The confusion matrix shows you not just accuracy, but also metrics like sensitivity and specificity for each class.

K-Fold Cross-Validation

A single train/test split can be misleading—especially if your data happens to split in a favorable or unfavorable way. K-fold cross-validation addresses this by splitting data into k folds, training on k-1 folds, and testing on the remaining fold, rotating through all folds.

This gives you k different accuracy estimates, which you average:

# 5-fold cross-validation
set.seed(123)
train_control <- trainControl(method = "cv", number = 5)

# Train with cross-validation
model_cv <- train(Species ~ ., 
                  data = iris, 
                  method = "rpart",
                  trControl = train_control)

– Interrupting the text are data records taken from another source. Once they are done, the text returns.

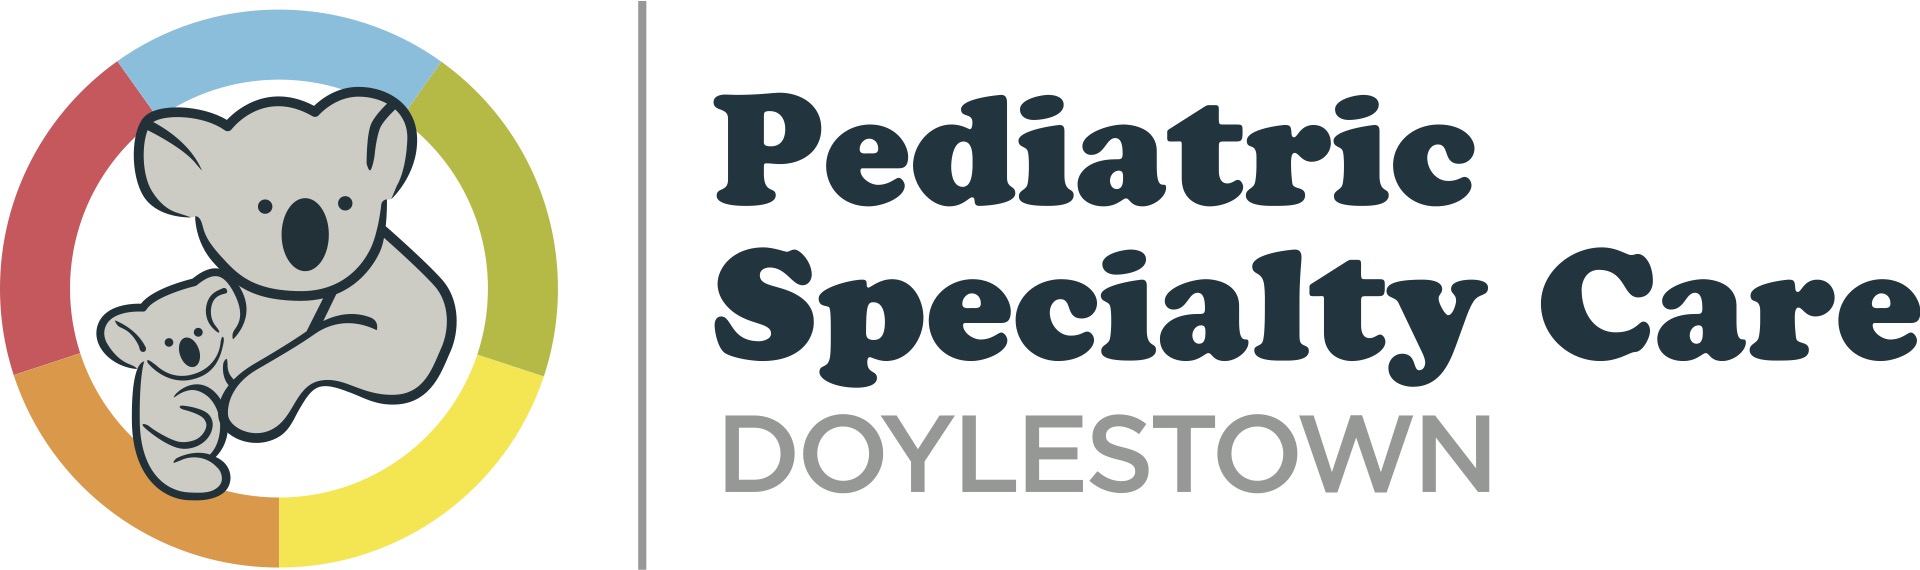 Doylestown, PA  - Pediatric Specialty Care | Location logo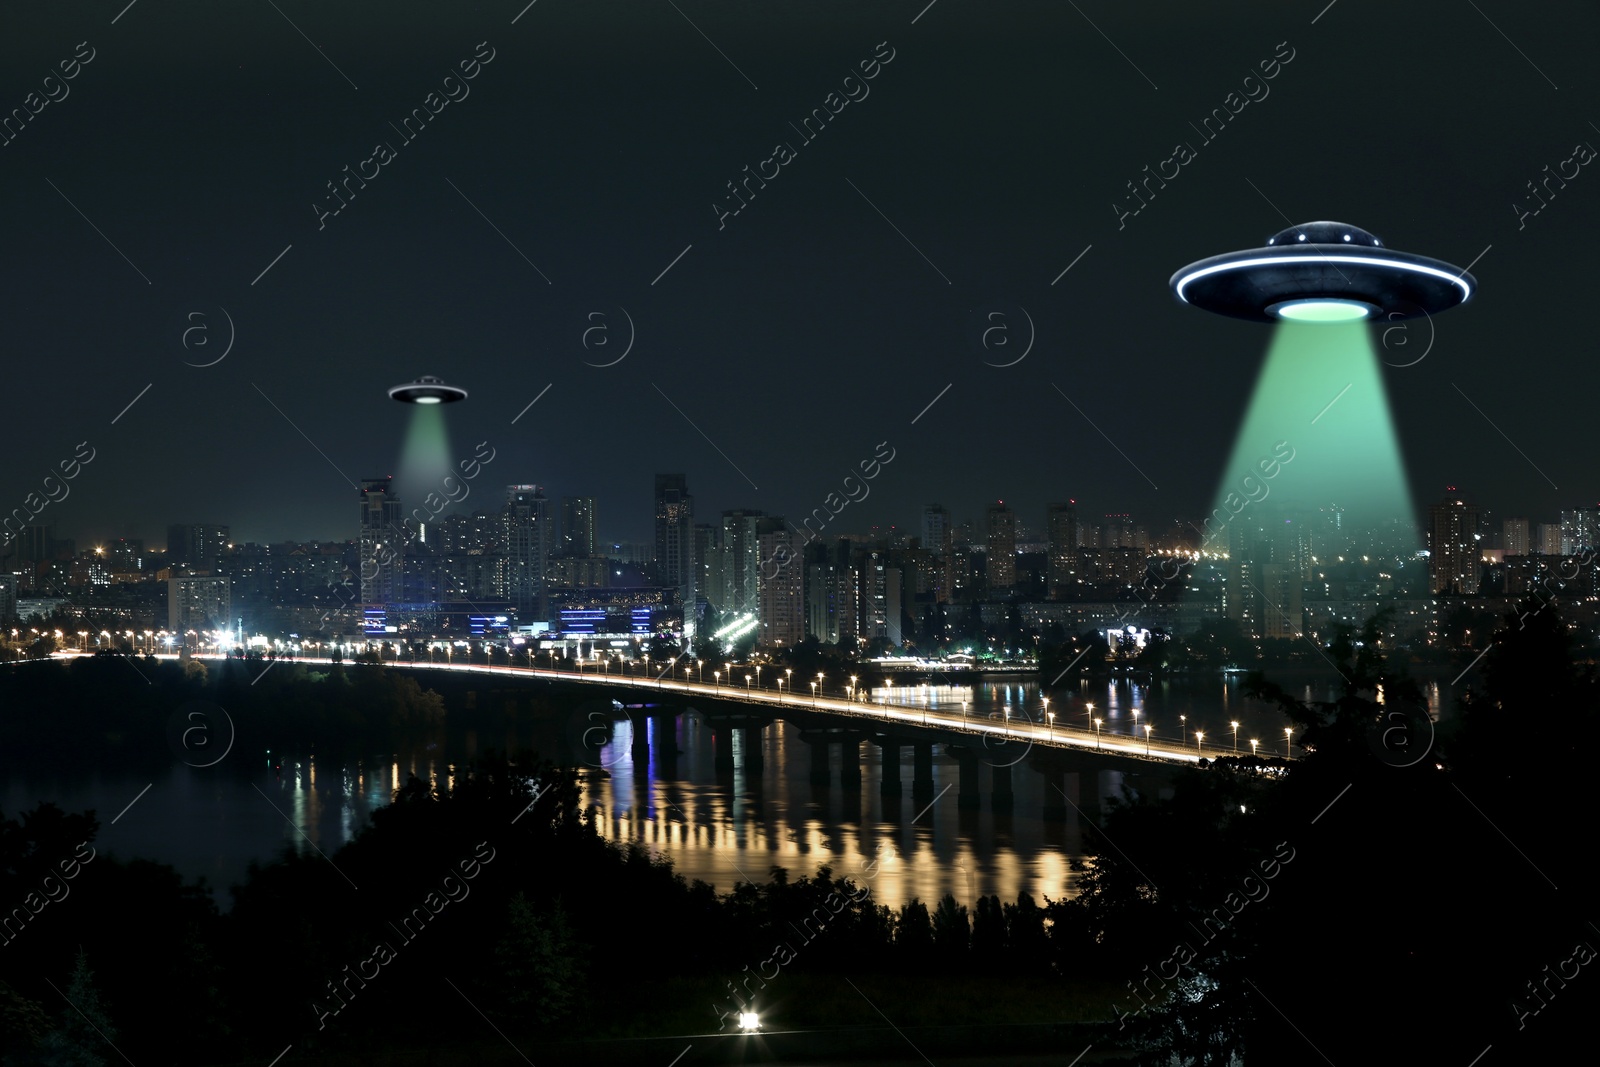 Image of UFO. Alien spaceships emitting light beams over night city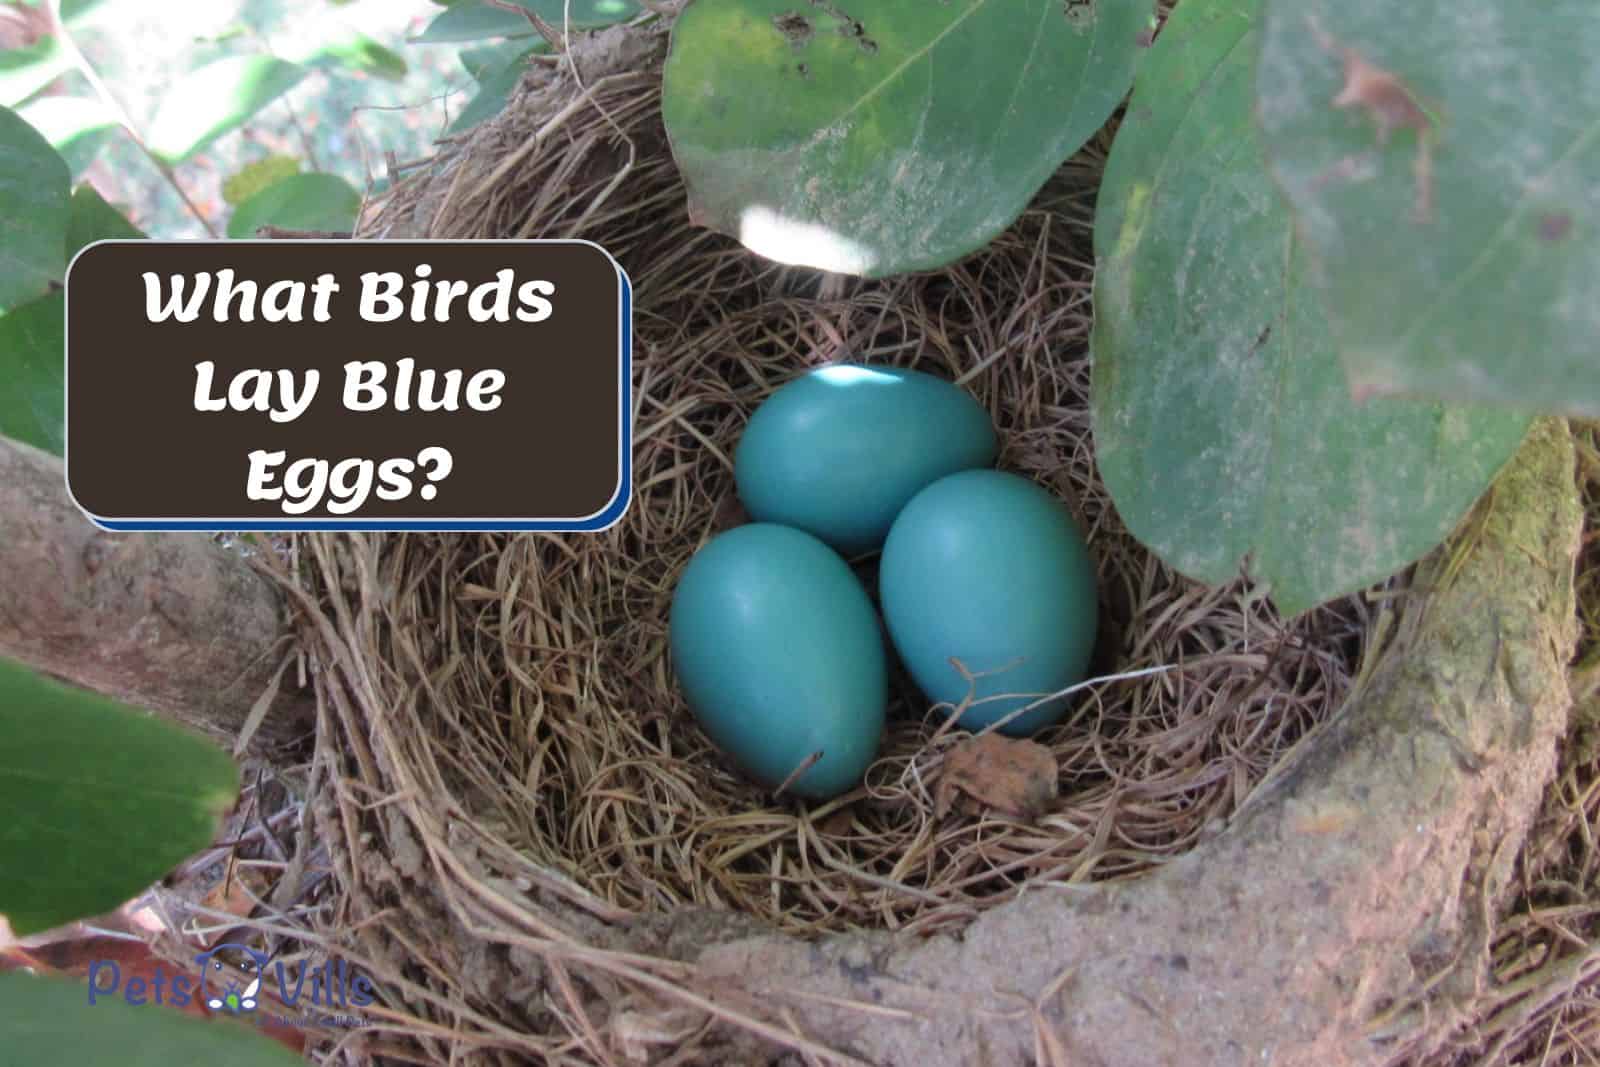 3 blue eggs on the nest

# View cross-validation results
print(model_cv)

The output shows the average accuracy across all folds, plus the standard deviation—giving you a sense of how stable your model is.

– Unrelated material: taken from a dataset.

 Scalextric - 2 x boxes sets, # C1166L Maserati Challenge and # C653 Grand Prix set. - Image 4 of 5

You can also use k-fold cross-validation with the tidymodels framework:

library(tidymodels)

# Define the model
rf_spec <- rand_forest(trees = 100) |> 
  set_mode("classification")

# Define resampling
set.seed(123)
iris_folds <- vfold_cv(iris, v = 5)

# Fit with resampling
rf_res <- rf_spec |> 
  fit_resamples(Species ~ ., resamples = iris_folds)

# Collect metrics
collect_metrics(rf_res)

Evaluation Metrics

Beyond accuracy, there are several important metrics to consider:

Accuracy

The proportion of correct predictions. Simple but can be misleading with imbalanced classes.

Precision

Of all predictions as positive, how many are actually positive?

Recall (Sensitivity)

Of all actual positives, how many did we correctly predict?

F1 Score

The harmonic mean of precision and recall—useful when classes are imbalanced.

# Using caret for detailed metrics
confusionMatrix(predictions, test_data$Species, mode = "everything")

ROC AUC

The Area Under the ROC Curve measures the model’s ability to distinguish between classes. AUC of 0.5 is random; 1.0 is perfect.

# Get probability predictions
probabilities <- predict(model, test_data, type = "prob")

# Calculate ROC AUC for each class
roc_curve <- roc(test_data$Species, probabilities[, "setosa"])
auc(roc_curve)

For multiclass problems, use the one-vs-all approach or the multiclass.roc() function from the pROC package.

Choosing the Right Metric

The right metric depends on your problem:

Balanced classes: Accuracy is fine
Imbalanced classes: Use F1, precision, or recall
Ranking predictions: Use AUC
Cost-sensitive errors: Define custom loss functions

Putting It All Together

Here’s a complete workflow combining everything:

library(caret)
library(tidyverse)

# Prepare data
data("PimaIndiansDiabetes")
df <- PimaIndiansDiabetes

# Create stratified split
set.seed(456)
train_index <- createDataPartition(df$diabetes, p = 0.8, list = FALSE)
train_data <- df[train_index, ]
test_data <- df[-train_index, ]

# Define cross-validation
train_control <- trainControl(method = "cv", number = 10, 
                              classProbs = TRUE,
                              summaryFunction = twoClassSummary)

# Train multiple models
models <- list(
  rf = train(diabetes ~ ., data = train_data, method = "rf", 
             trControl = train_control, metric = "ROC"),
  gbm = train(diabetes ~ ., data = train_data, method = "gbm", 
              trControl = train_control, metric = "ROC"),
  logit = train(diabetes ~ ., data = train_data, method = "glm", 
                trControl = train_control, metric = "ROC")
)

# Compare on test set
map(models, ~ predict(.x, test_data) |> 
    confusionMatrix(test_data$diabetes))

Summary

Model evaluation is crucial for building reliable machine learning models:

Train/test splits give you a quick estimate of performance
K-fold cross-validation provides more robust estimates
Multiple metrics (accuracy, precision, recall, F1, AUC) give you a complete picture
Choose metrics based on your problem and class distribution

With these techniques, you can confidently evaluate and compare models to find the best solution for your data science problems.